Nama Oknum Jaksa Ikut Disorot

Tidak hanya itu, demonstran juga menyoroti dugaan keterlibatan seorang oknum yang disebut berinisial FG, yang menurut mereka menjabat sebagai kepala seksi di lingkungan Kejaksaan Tinggi Sumatera Utara.

Dalam orasinya, massa meminta agar dugaan tersebut tidak diabaikan dan dilakukan pemeriksaan secara objektif, profesional, dan independen guna memastikan ada atau tidaknya keterlibatan pihak-pihak yang disebut dalam berbagai informasi yang berkembang.

Selain FG, massa juga meminta aparat melakukan pendalaman terhadap pihak-pihak berinisial AS, AD, DV, dan AY yang disebut dalam tuntutan aksi sebagai pihak yang diduga memiliki keterkaitan dengan persoalan yang mereka laporkan.

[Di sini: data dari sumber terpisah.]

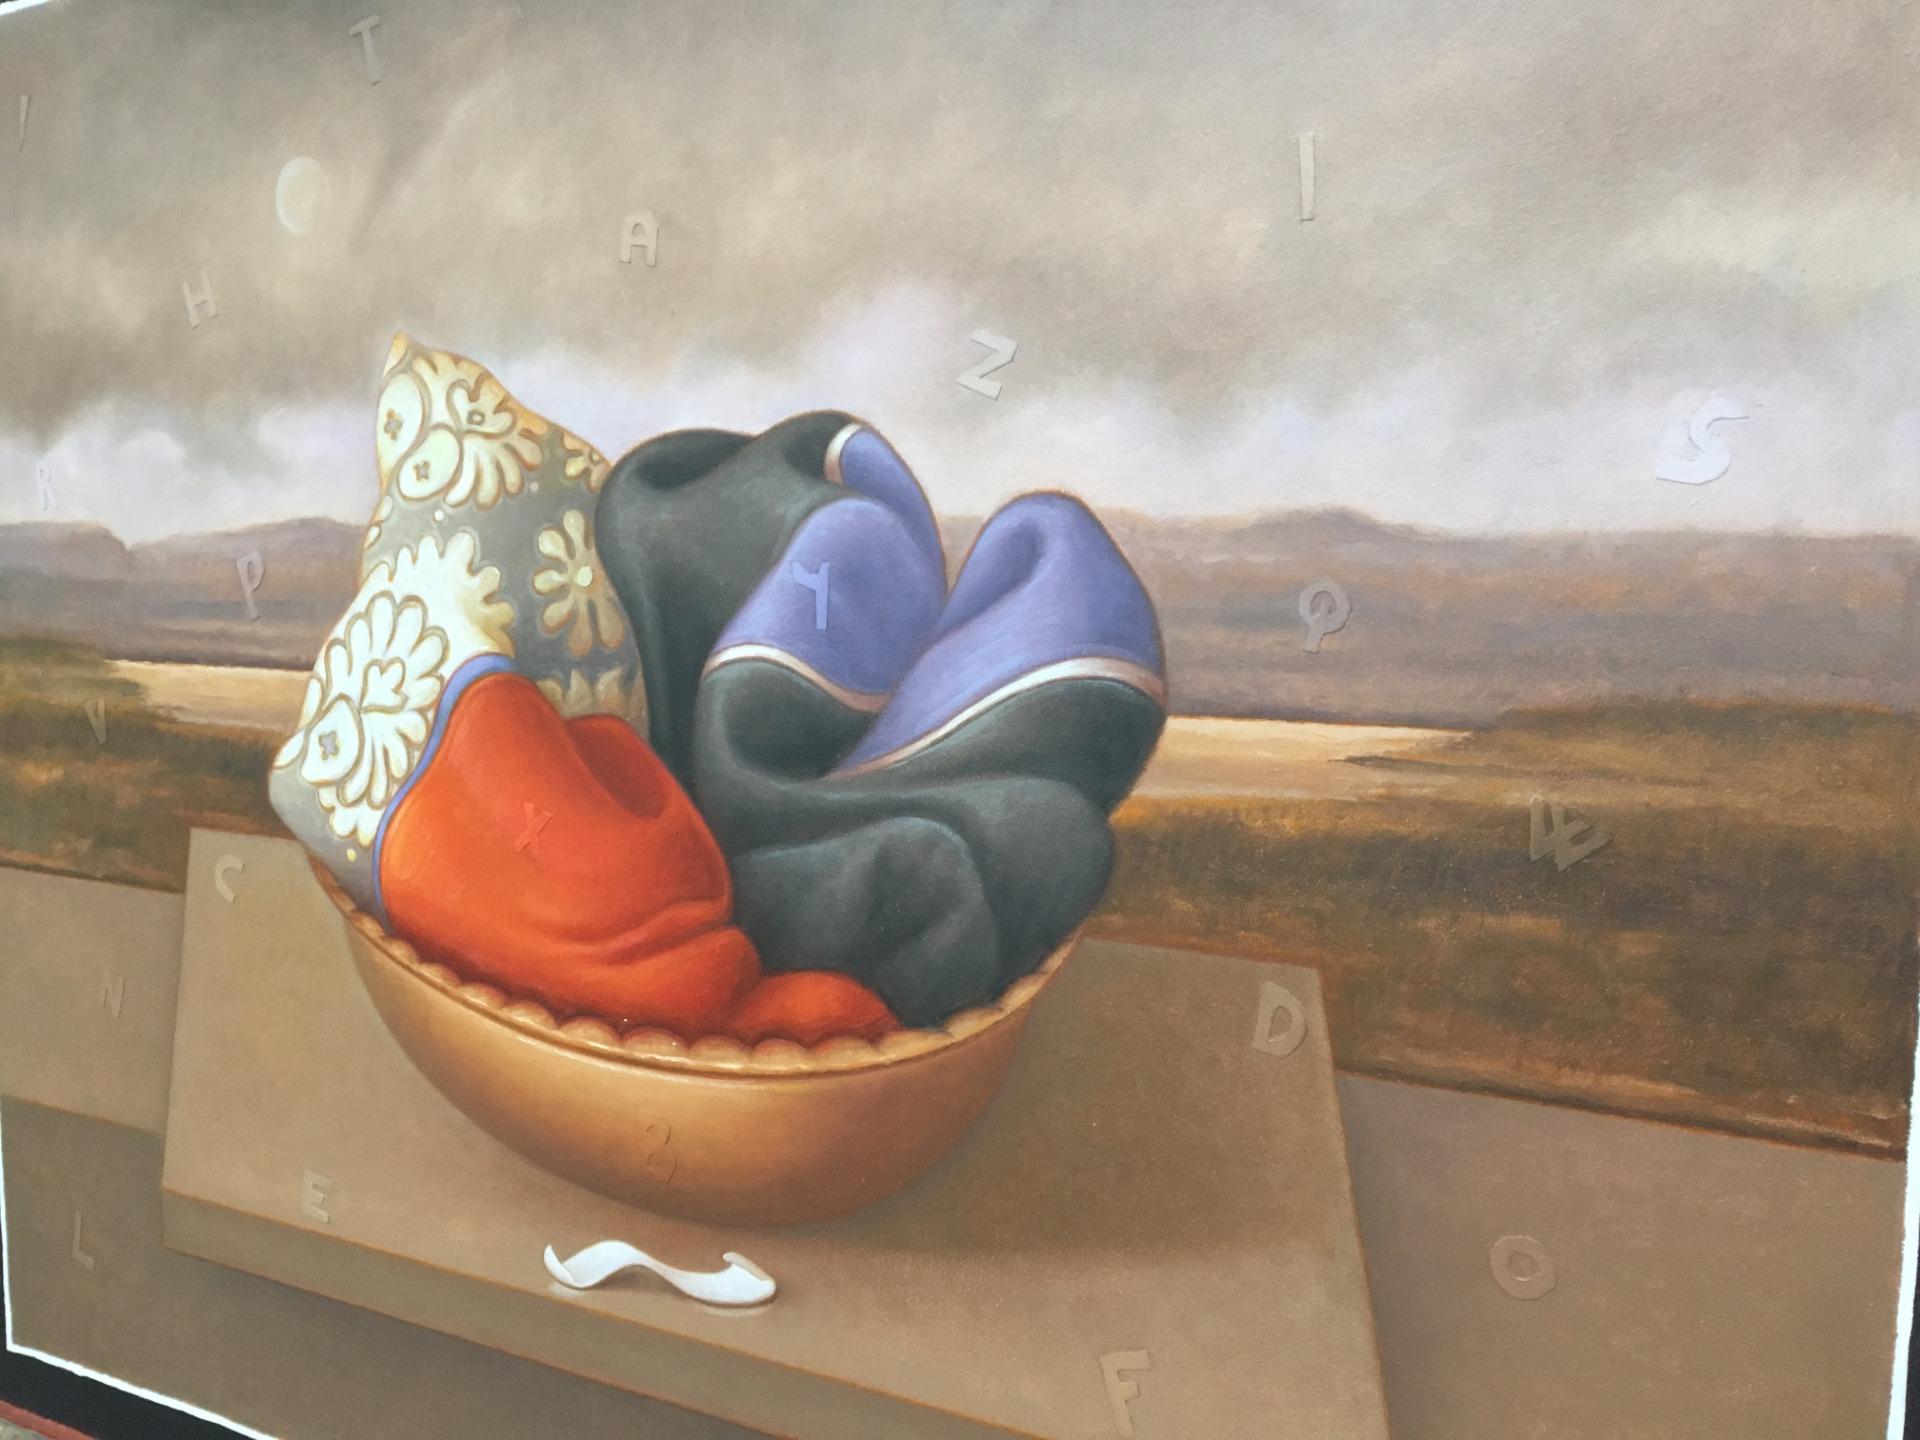 thumb9|G.L.BELLORINI NATURA MORTA 1
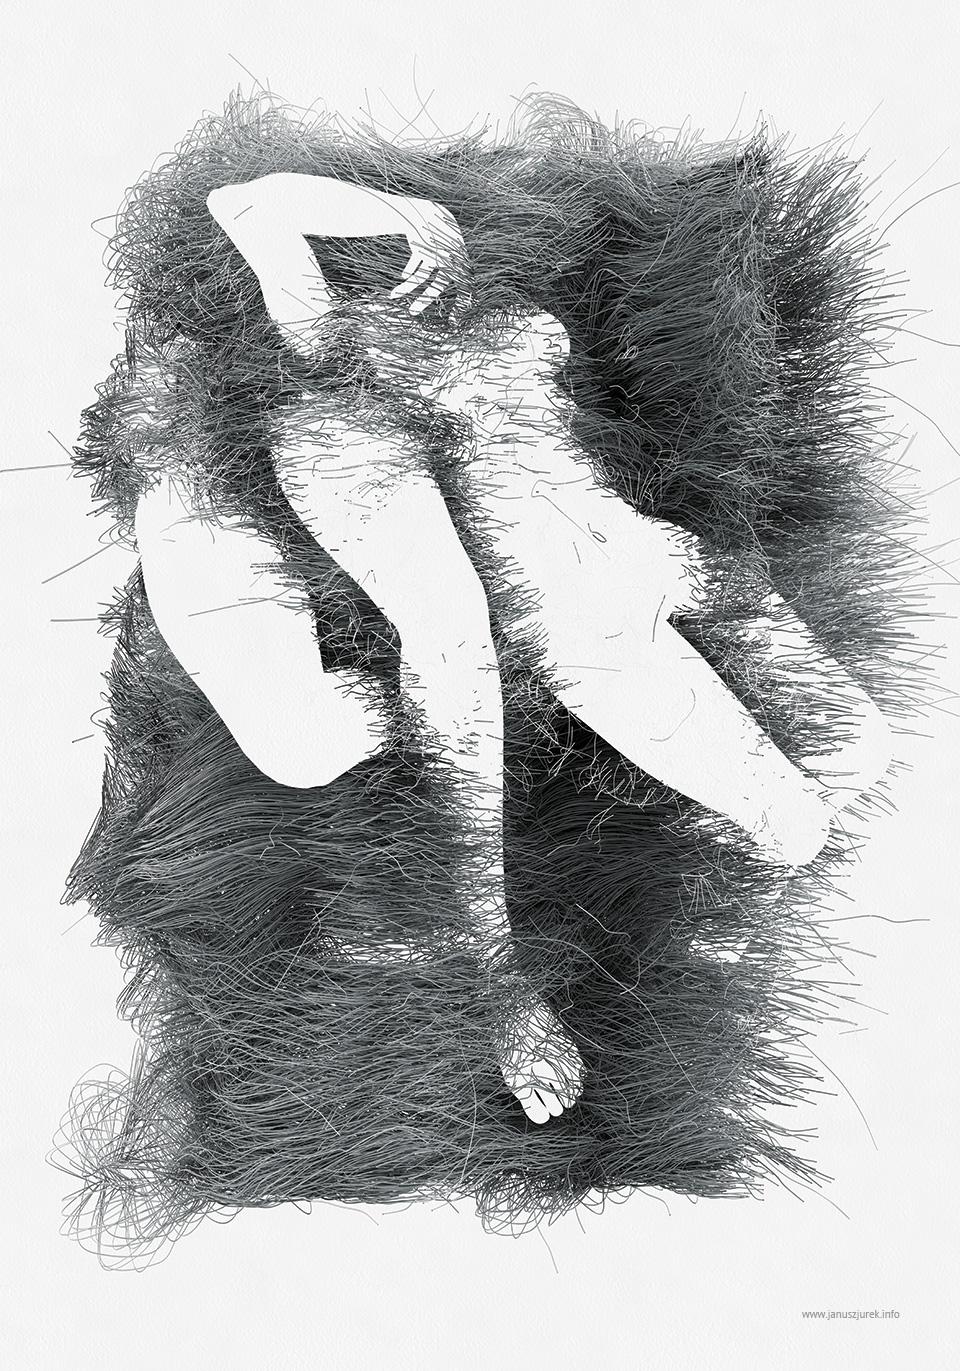 Nogi, nogi © Janusz Jurek

Dugaan Titipan Jabatan Ikut Mengemuka

Dalam aksi tersebut, para demonstran juga mengangkat isu dugaan intervensi terhadap proses penempatan dan pengangkatan sejumlah pejabat di lingkungan Dinas Pendidikan Sumatera Utara.

Massa mendalilkan adanya dugaan praktik titipan jabatan yang disebut menyasar posisi strategis, mulai dari pejabat struktural, kepala sekolah hingga kepala cabang dinas. Dugaan tersebut menurut mereka perlu diuji dan diverifikasi melalui mekanisme hukum yang berlaku agar tidak menimbulkan polemik berkepanjangan di tengah masyarakat.

Mahasiswa: Pendidikan Jangan Dijadikan Bancakan

Koordinator aksi menegaskan bahwa sektor pendidikan merupakan pilar masa depan bangsa yang tidak boleh dicemari oleh kepentingan pribadi maupun kelompok.

“Pendidikan harus menjadi ruang yang bersih dari praktik-praktik yang merugikan rakyat. Setiap rupiah anggaran pendidikan harus kembali kepada kepentingan siswa dan peningkatan mutu pendidikan, bukan untuk kepentingan segelintir orang,” tegas massa dalam orasinya.

Mereka juga meminta Kejaksaan Tinggi Sumatera Utara menunjukkan komitmennya dalam menjaga integritas institusi dengan mengusut seluruh informasi yang berkembang secara transparan dan akuntabel.

Sampaikan Empat Tuntutan Utama

Dalam aksi tersebut, Aliansi Aktivis Peduli Pendidikan Sumatera Utara menyampaikan empat tuntutan utama:

1. Mendesak Kepala Kejaksaan Tinggi Sumatera Utara menyelidiki dugaan keterlibatan oknum berinisial FG secara profesional, transparan, dan independen.

2. Meminta pemeriksaan terhadap pihak berinisial AS, AD, DV, dan AY atas berbagai dugaan yang disampaikan dalam aksi.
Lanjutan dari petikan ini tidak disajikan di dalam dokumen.